From the entries below, please output exactly the lines starting at the one containing "Women Floral Prints" and ending at the one containing "Kitchen Retro Wall", both included.

*Data excerpts*:
========================
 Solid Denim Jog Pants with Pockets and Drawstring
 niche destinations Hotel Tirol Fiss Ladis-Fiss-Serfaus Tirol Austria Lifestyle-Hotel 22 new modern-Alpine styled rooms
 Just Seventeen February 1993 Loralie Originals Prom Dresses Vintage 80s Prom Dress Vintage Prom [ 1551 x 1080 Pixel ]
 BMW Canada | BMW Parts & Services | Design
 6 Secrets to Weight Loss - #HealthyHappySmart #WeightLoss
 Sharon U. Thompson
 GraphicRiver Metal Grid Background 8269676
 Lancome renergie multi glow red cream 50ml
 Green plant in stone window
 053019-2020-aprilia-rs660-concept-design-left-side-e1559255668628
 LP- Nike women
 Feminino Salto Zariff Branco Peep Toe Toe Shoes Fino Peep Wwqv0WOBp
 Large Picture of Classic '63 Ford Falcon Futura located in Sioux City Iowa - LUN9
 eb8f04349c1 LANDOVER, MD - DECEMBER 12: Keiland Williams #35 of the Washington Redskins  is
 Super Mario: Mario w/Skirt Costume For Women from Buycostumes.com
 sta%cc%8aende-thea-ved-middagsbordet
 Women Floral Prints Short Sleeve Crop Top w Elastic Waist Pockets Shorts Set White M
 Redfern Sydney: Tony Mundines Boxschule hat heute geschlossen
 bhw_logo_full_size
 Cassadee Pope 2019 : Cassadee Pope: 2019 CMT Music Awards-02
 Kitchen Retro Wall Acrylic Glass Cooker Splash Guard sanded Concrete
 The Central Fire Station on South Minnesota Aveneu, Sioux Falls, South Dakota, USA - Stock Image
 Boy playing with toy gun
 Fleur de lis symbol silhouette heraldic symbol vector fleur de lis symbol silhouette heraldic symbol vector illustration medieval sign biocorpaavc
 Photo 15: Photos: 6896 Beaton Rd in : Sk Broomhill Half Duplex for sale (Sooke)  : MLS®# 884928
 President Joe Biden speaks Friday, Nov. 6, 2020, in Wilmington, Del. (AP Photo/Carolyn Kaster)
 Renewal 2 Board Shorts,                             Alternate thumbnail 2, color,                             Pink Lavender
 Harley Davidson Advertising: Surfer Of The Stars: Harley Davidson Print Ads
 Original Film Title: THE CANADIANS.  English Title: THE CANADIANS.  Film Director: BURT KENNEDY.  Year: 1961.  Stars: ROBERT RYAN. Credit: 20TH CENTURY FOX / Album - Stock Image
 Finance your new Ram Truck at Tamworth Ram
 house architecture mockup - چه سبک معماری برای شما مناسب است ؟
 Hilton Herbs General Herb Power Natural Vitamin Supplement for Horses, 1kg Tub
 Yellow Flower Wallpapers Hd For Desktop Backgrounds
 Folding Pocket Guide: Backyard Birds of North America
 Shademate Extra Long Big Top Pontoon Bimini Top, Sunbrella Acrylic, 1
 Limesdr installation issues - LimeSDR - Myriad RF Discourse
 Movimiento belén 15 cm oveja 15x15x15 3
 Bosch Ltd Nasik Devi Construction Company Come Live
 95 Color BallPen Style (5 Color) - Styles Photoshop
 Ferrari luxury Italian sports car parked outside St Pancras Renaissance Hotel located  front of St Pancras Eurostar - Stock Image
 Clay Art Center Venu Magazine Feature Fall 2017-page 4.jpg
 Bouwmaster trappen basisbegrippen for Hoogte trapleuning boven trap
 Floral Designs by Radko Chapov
========================
*Result for this exercise*:
 Women Floral Prints Short Sleeve Crop Top w Elastic Waist Pockets Shorts Set White M
 Redfern Sydney: Tony Mundines Boxschule hat heute geschlossen
 bhw_logo_full_size
 Cassadee Pope 2019 : Cassadee Pope: 2019 CMT Music Awards-02
 Kitchen Retro Wall Acrylic Glass Cooker Splash Guard sanded Concrete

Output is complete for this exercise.